Linear regression models were developed for total maintenance cost and the component costs for labor, equipment, materials, and stockpiles. The results of these models are listed in Table 1. It can be seen from the table that the coefficient for the variable age is positive, which implies that the total maintenance cost increases with year. In the last year before a reconstruction, certain maintenance work may not be performed; thus, the coefficient for the last year indicator is negative. The coefficient for the factor “asphalt concrete” is positive, which indicates that the roads with an asphalt concrete surface incur more maintenance cost than rigid concrete pavement roads. The elevation of the road segment is also important to determine the amount of maintenance costs. The coefficient for the factor “elevation” is negative. This is because the data samples were from the Las Vegas area, where the roads of highways I-15 and US95 outside of the metropolitan area are at high elevations, and less maintained. The maintenance activities vary with the conditions of roads that are influenced by the amount of traffic rolling over them. The more vehicles travel on roads, the more deterioration results, which triggers more maintenance activities. The coefficient for “AADT” is positive, which is consistent with the study’s expectations. From Table 1, it can be seen that these influencing factors show similar impacts on labor, materials, and equipment costs.

When the total maintenance cost was analyzed, it was shown that the maintenance cost in the year when a reconstruction happened was significantly less than previous years. This observation can be validated from the model for labor costs, which implies that those maintenance activities involving expensive equipment and materials were not performed in a year during which major construction was scheduled.

5.2. Regression Models for Roads in Prioritization Category 2

Table 1 also lists the results for linear regression models of roads in maintenance prioritization Category 2. From Figure 1, it can be seen that there is just one life cycle stage for the roads classified for Category 2. It starts right after the completion of a reconstruction, and ends at the next reconstruction.

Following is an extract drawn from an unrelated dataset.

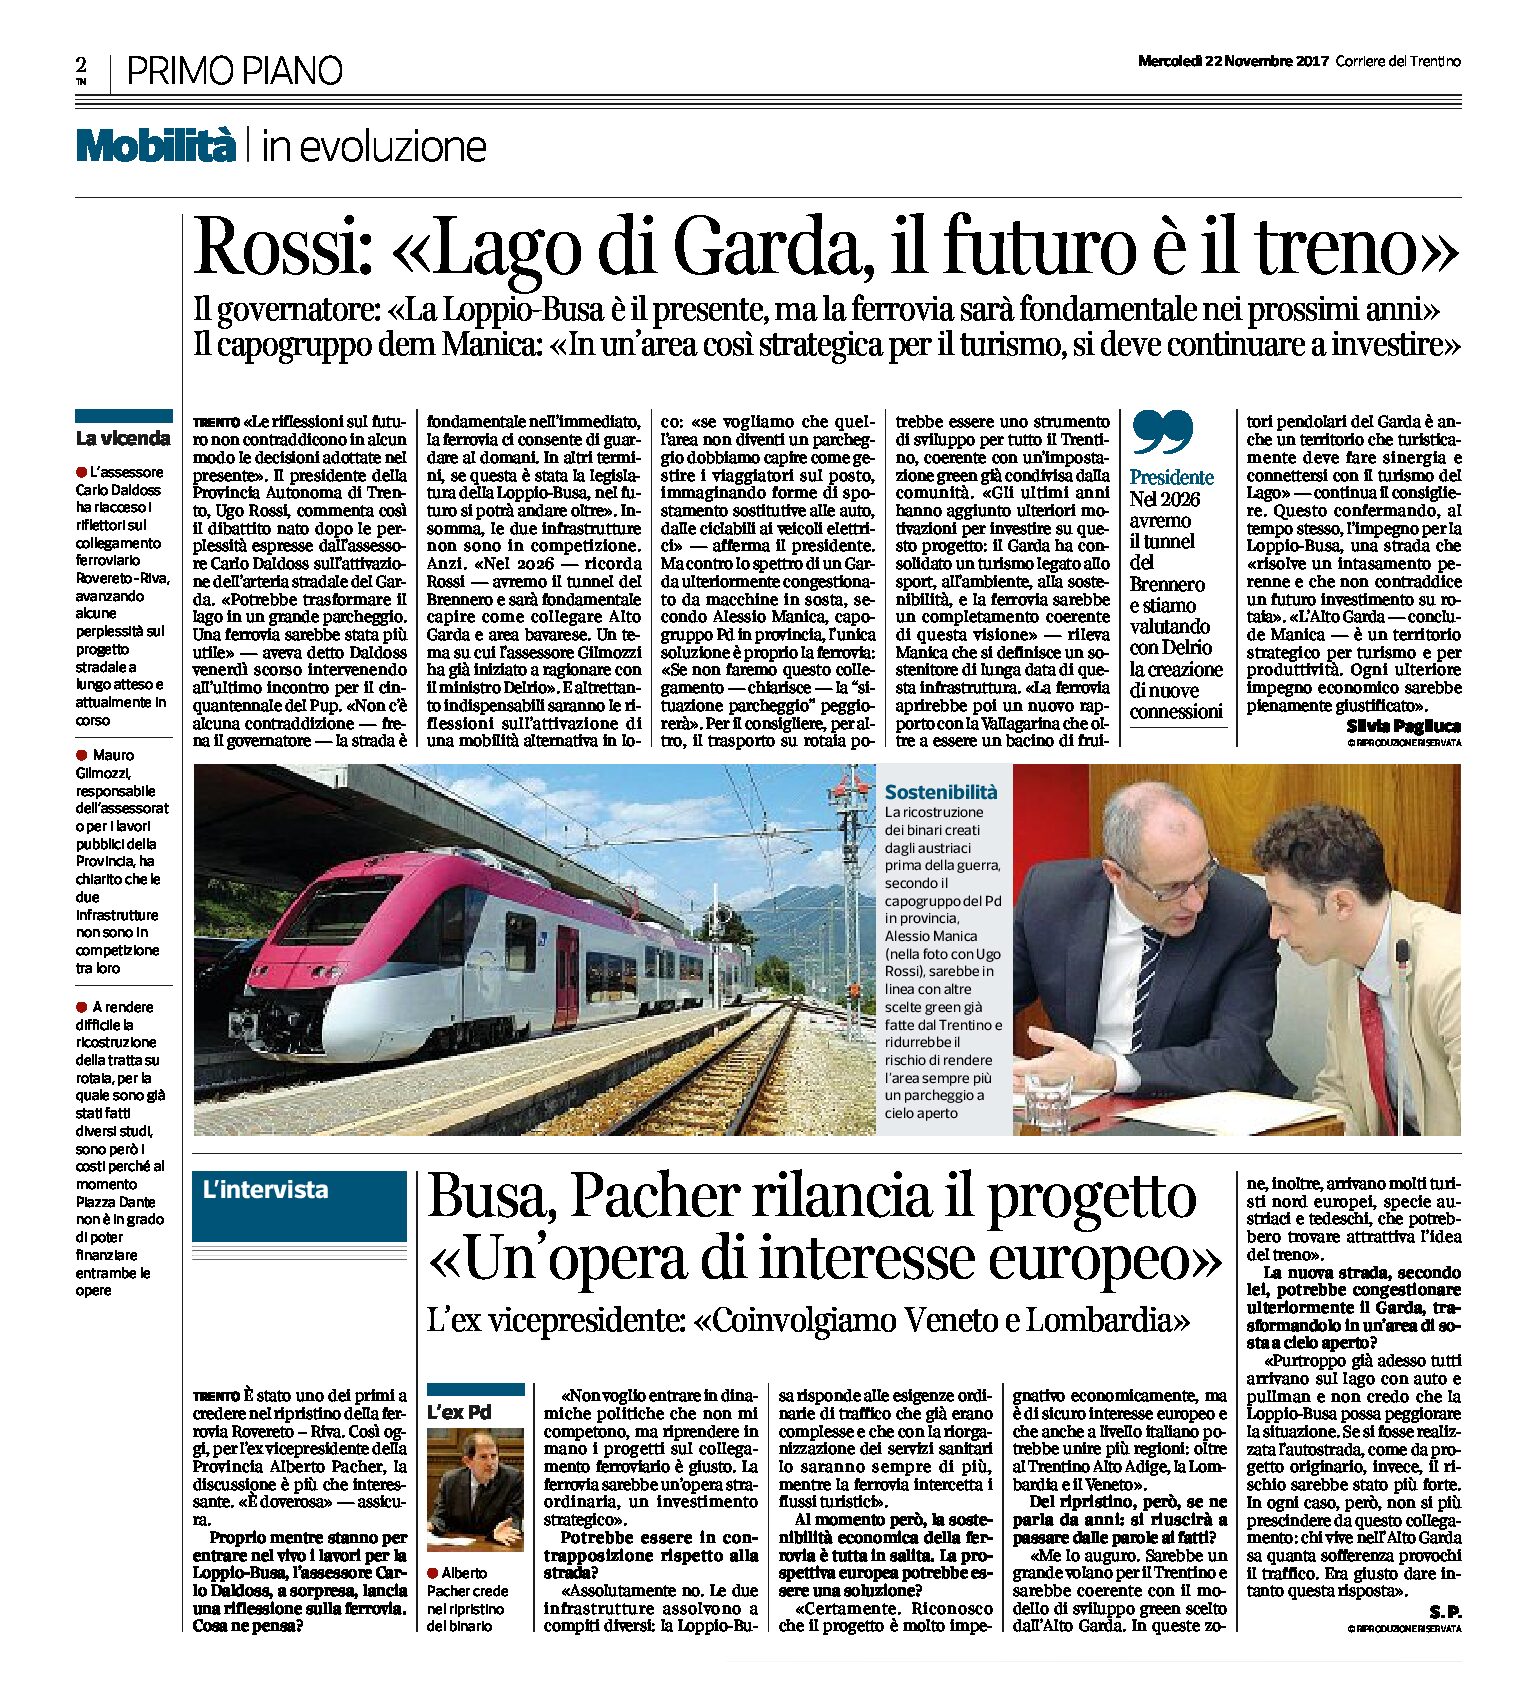 Rossi “Per il lago di Garda, Loppio Busa è il presente, ma la ferrovia sarà fondamentale nei prossimi anni”

The results for the total cost in Table 1

Table 1. Regression models for road maintenance prioritization Categories 1 and 2.

shows that the total cost each year did not change with time. It presents significant less cost than the previous year, when the road was under reconstruction. This observation is similar to that for the roads in Category 1. It implies that some maintenance work may not need to be performed when a road is scheduled for reconstruction. The coefficient for “elevation” is positive, which indicates that the roads at high elevation tend to cost more for maintenance, probably due to work in extreme weather conditions, such as snow, for which additional work (snow removal) has to be done.

The samples collected for Category 2 were from areas across the state, unlike the case for Category 1, in which samples were taken from Clark County only. The coefficient for traffic “AADT” is positive, which is consistent with the expectation that more traffic accelerates the deterioration of roads, and thus produces more conditions for maintenance. Similar patterns regarding the impact of influencing factors on total maintenance cost also can be found in the models for the component maintenance costs, except for stockpile cost.

5.3. Regression Models for the Roads in Prioritization Category 3

Three sets of linear regression models were developed, one set for each life cycle stage, as shown in Figure 1: after construction, after flush seal, and after chip seal.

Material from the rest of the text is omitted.